Friday night, one of the girls and her father are talking about the ordeal.
For years, it had been a vacant lot. The incline at the back of the lot was a pretty good sledding hill for a lot of the neighborhood kids. However, when construction began on a home there a month ago, mud and clay was piled up, and it became a dangerous place to play.
Eleven-year-old Nicole Salwierak walks out her front door to a reminder every day of the place where she could have been killed earlier this month.
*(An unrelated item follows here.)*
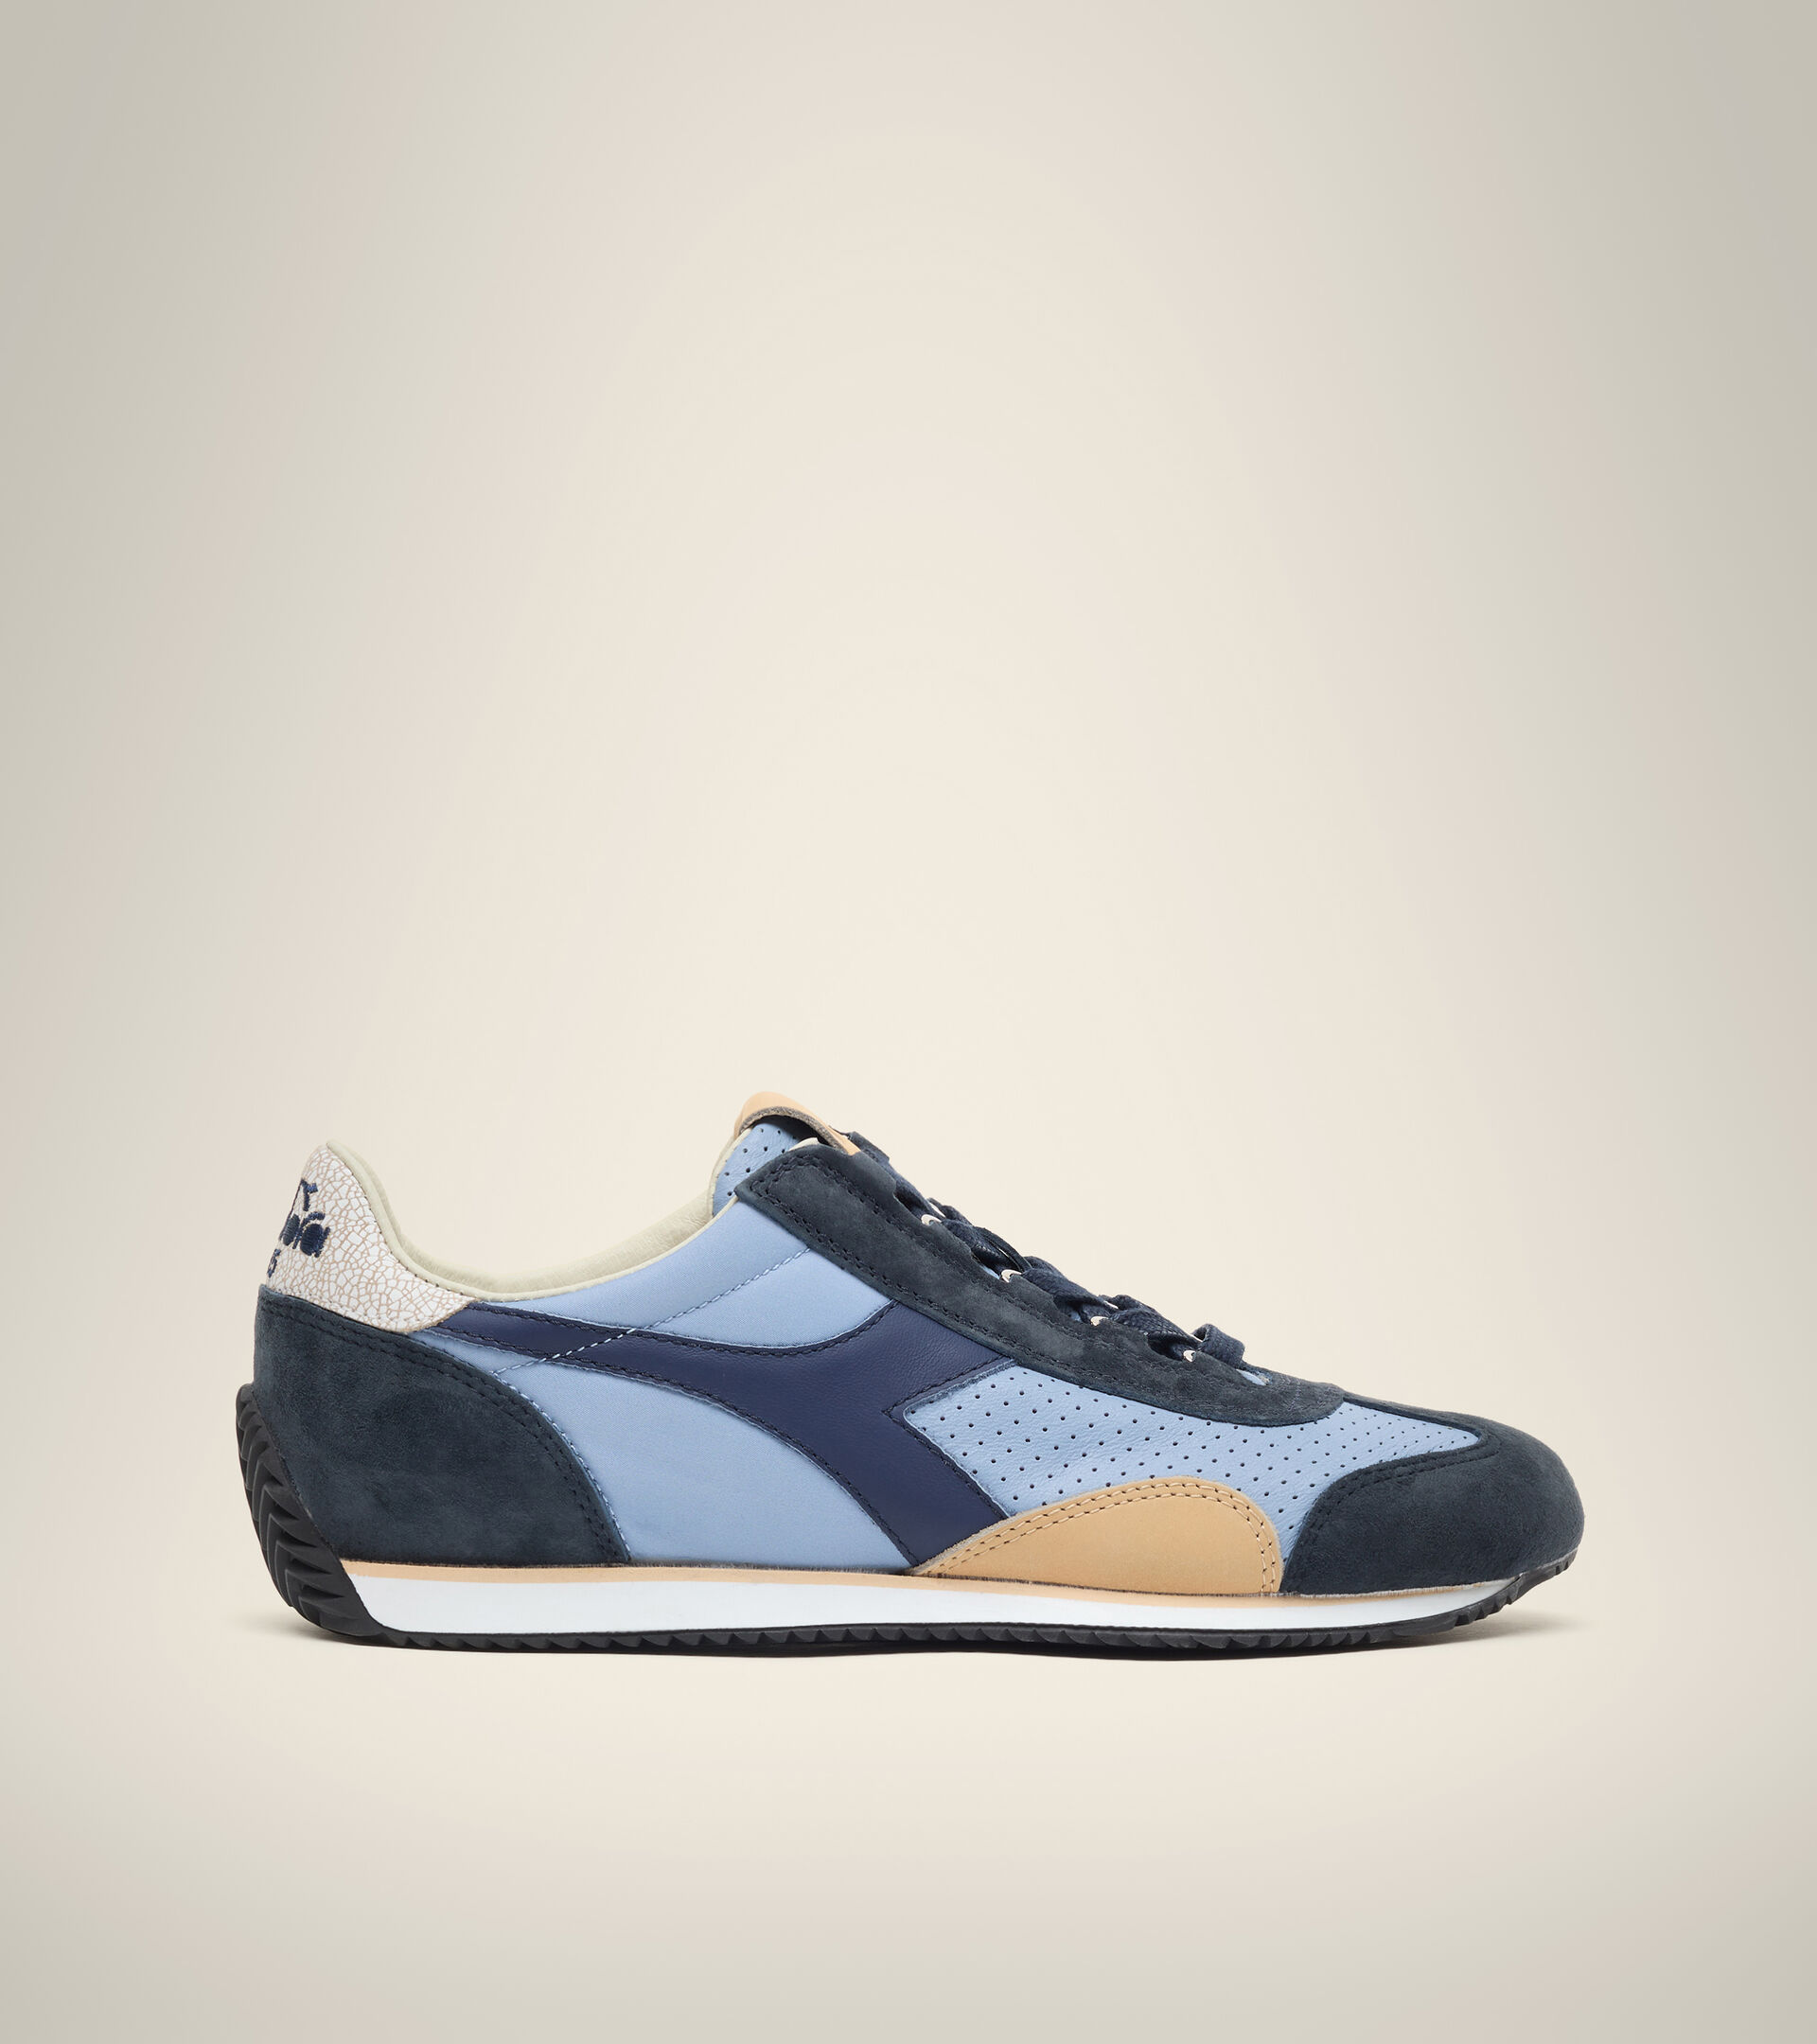 Footwear Heritage UOMO EQUIPE ITALIA BLU DENIM SBIADITO Diadora

She and a friend were playing in the newly dug hole at the construction site. They quickly found themselves buried by an avalanche of dirt and clay.
"I wasn't really thinking about it that much, but I was scared," Nicole said. "I tried to move the mud off my arm but I couldn't move it."
Nicole's 6-year-old sister Carly ran for help and firefighters from several nearby communities responded.
They had to dig the two girls out mostly by hand. It took about a half hour of digging all the while trying to keep the two girls calm.
"Still, when I think about this every day I could cry and I do," said Robert Salweirak. "The stress emotionally is tough on me and every member in this family."
Construction crews have since installed a fence around the perimeter of the property. Tinley Park has no ordinance making such fences mandatory.
Nicole spent five days in the hospital for injuries to her shoulders, back, and lungs, but she is grateful to have survived.
"It happened so fast that for five seconds I didn't know what was going on, but then I figured it out, it was real," she said.
"I think Nicole and her friend, Sarah, are two of the strongest, most courageous human beings I've ever met in my entire life and having them survive this is the greatest Christmas present anyone could ever get," Robert Salweirak said.
Nicole's friend Sarah was buried above her head, however the way the dirt fell over her created an air pocket so she was able to breathe and was able to communicate until fire fighters were able to pull her out.